What Price Action Invalidates A Supply Or Demand Trade?

I really enjoyed the books, and I have gone through all of them and even all the articles. After trading for some time, I had thought of 3 questions that I wanted to ask you. 

Question 1

Do you have a set of rules you follow to invalidate a trade? Do you ever close a trade early or should price hitting the stop loss be the only invalidation?  Right now my biggest issue is that I have been closing my trades early and taking profits before my targets hit.

Would a better plan be to just hold the position until it either hits my target or stop loss? 

Question 2

Sometimes when the price hits a zone it would create a large engulfing that makes it look like a new zone is formed.

How would I know whether this a new zone or just a reaction?

Question 3 

Another issue I have been having is that when the price reaches my stop loss the transaction would actually be for a price much further away than where I set my stop loss.

This is because of the slippage caused by my stop loss market order.

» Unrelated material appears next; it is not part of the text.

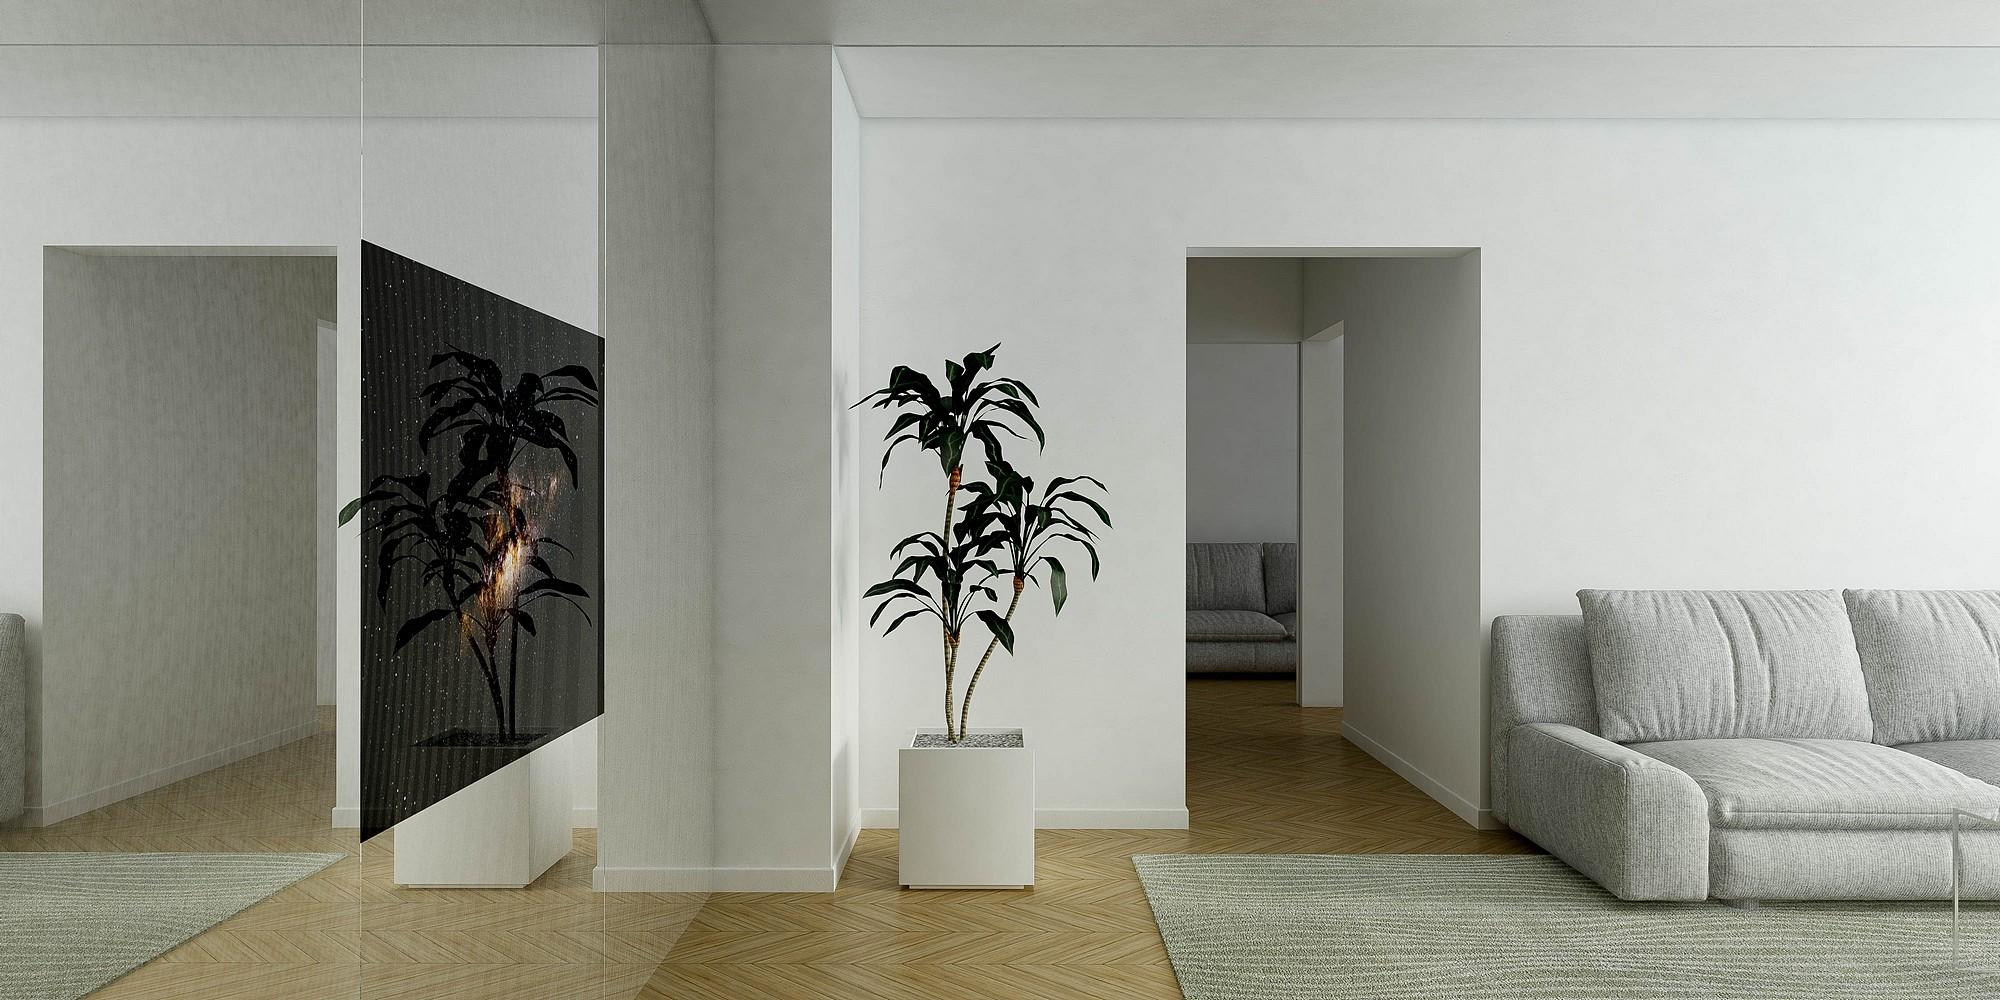 Enterijer-stan-Andreu-Beograd-Studio-Alfirevic-arhitektura-arhitekta-03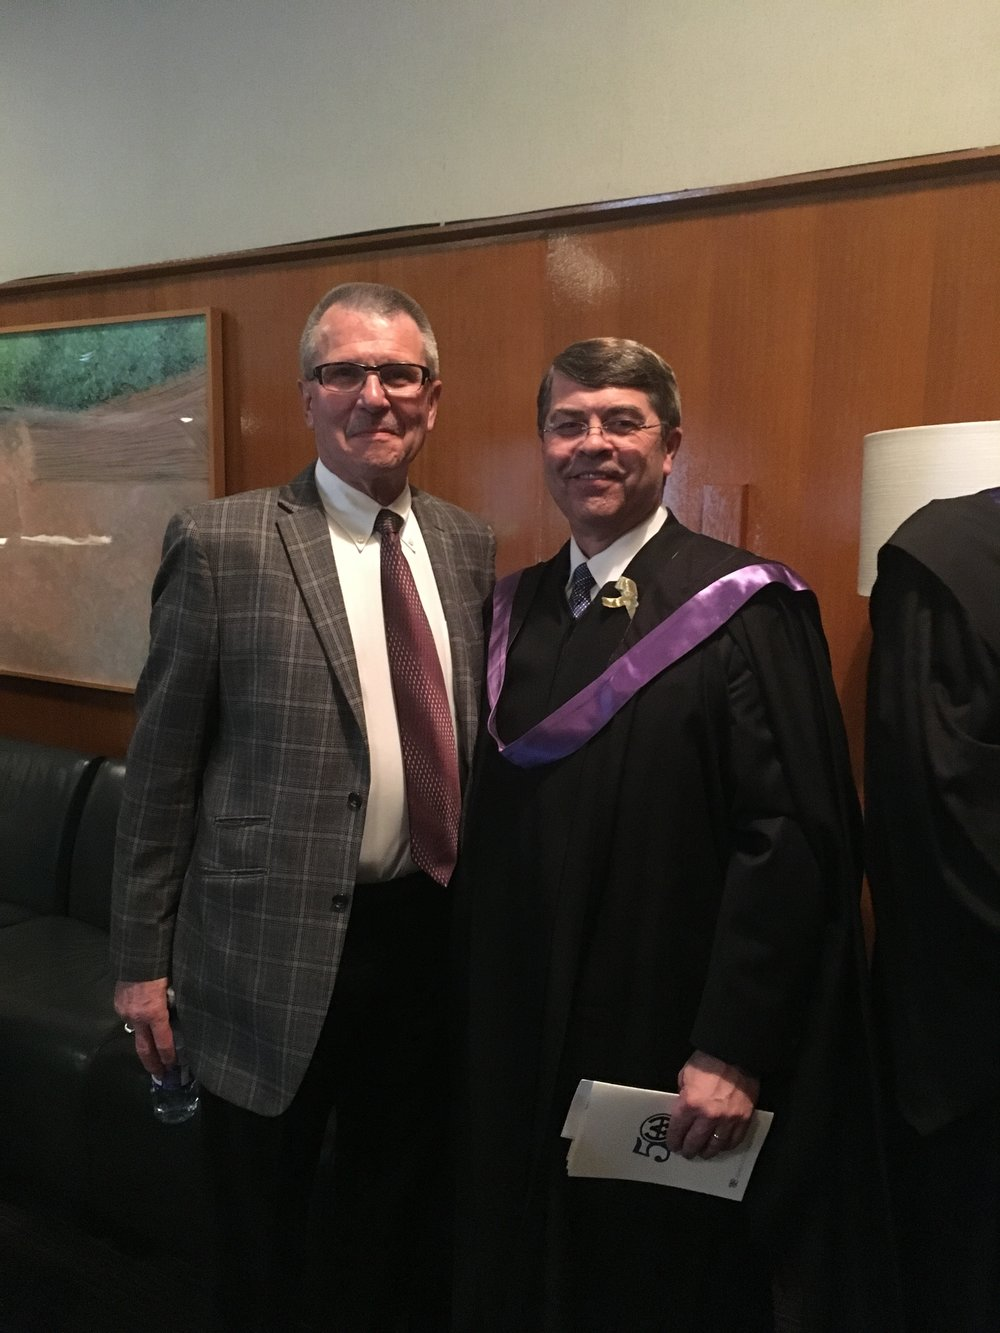 Councillor Anderson and Harry Ainlay principal Gane Olsen

I’m having trouble maintaining my Risk to Reward ratio due to the slippage.

Do you ever face this issue?

Should I use stop limit orders instead?

Thank you for taking the time to read this. I hope to hear from you soon.

Regards,

My Response:

Glad you liked the books!

Sorry about the delay – some website hiccups kept me busy.

Here’s my answers to your questions:

Q1: When to Close a Trade?

For me, a sudden and strong price movement against my position usually signals it’s time to exit. About 90% of the time, I’ll manually close the trade, especially if it’s due to major news or events. But for smaller, one or two-candle dips, I might hold on and see what happens next.

Generally, it’s a good idea to let the trade run its course until it hits your stop or take profit. I usually trail my stop as new highs or lows form, then let the market decide when to close me out – unless there’s a sudden change in direction, then I’ll manually intervene.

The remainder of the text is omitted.